End use of electricity, 1919–1936, MWh
| Use, MWh | Year |  |  |  |  |
| 1919 | 1921 | 1922 | 1923 | 1936 |
| Public lighting | 99 | 276 | 196 | 112 | 4,960 |
| Domestic supply | 38,243 | 14,026 | 13,177 | 15,748 | 200,338 |
| Power and heat |  | 29,670 | 31,562 | 34,750 | 194,561 |
| Traction | 4,146 | 0 | 0 | 0 | 66,912 |
| Bulk supply |  | 5,580 | 6,285 | 7,633 | 567,837 |
| Total | 42,488 | 49,553 | 51,220 | 58,242 | 1,034,606 |

=== Financial statistics ===
The capital required to establish, build and operate the business was raised through the offer of shares. Capital expenditure was needed for the purchase of land, buildings, machinery, mains, transformers, meters, electrical instruments, legal costs, fixtures and furniture at the stations.

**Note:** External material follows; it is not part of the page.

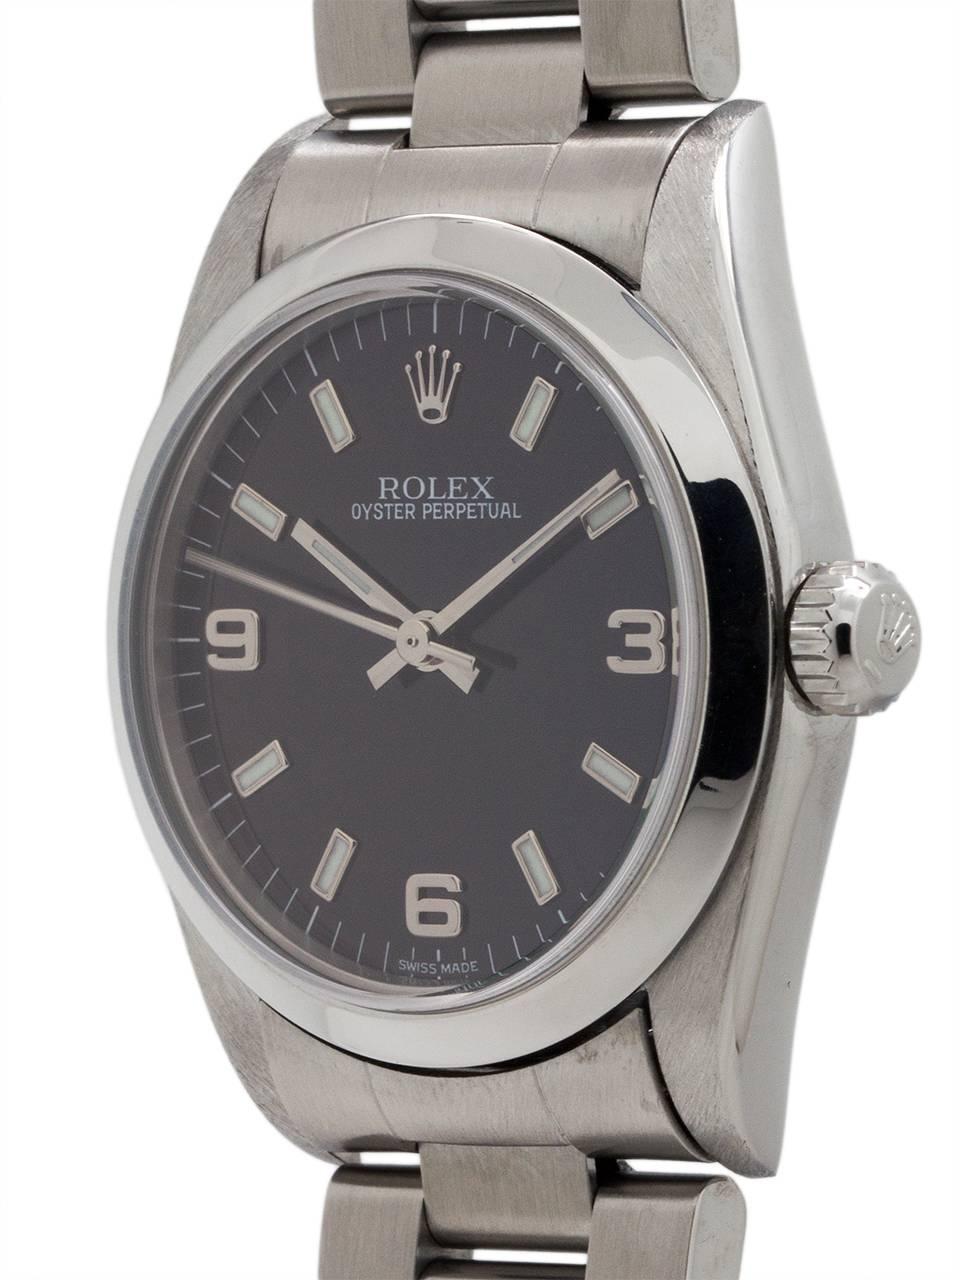 Rolex Oyster Perpetual midsize model ref 77080 stainless steel A2 serial # circa 1998. Featuring 31mm diameter case with smooth bezel and sapphire crystal and original black dial with popular 3/6/9 Explorer style configuration. Powered by self

The capital expenditure in 1896 and 1897, associated with the commissioning of the power stations at City Road and Wandsworth, amounted to:

Capital expenditure, 1896–97
| Year | 1896 | 1897 |
|---|---|---|
| City Road | £155,596 | £214,257 |
| Wandsworth | £117,126 | £196,543 |

Profits were made through the sale of electricity which provided an income for the company and its shareholders. An example of the sums involved is shown in the table.

Sales revenue, working cost and profit, 1897–1923
| Year | Revenue from electricity sales | Working cost of generation | Excess of revenue over expenditure |
|---|---|---|---|
| 1897 (City Road) | £7,141 | £4,176 | £2,965 |
| 1897 (Wandsworth) | £3,328 | £2,047 | £1,281 |
| 1912 | £216,665 | £87,954 | £117,145 |
| 1919 | £543,284 | £301,603 | £235,174 |
| 1922 | £723,226 | £402,817 | £340,428 |
| 1923 | £835,348 | £358,122 | £502,937 |
| 1936 | £3,602,230 | £2,421,204 | £1,181,026 |

Shareholders dividends were paid throughout the operational life of the company. Dividends expressed as a percentage of the total capital raised in a given year were as shown, together with the average dividends paid by the London company electricity undertakings.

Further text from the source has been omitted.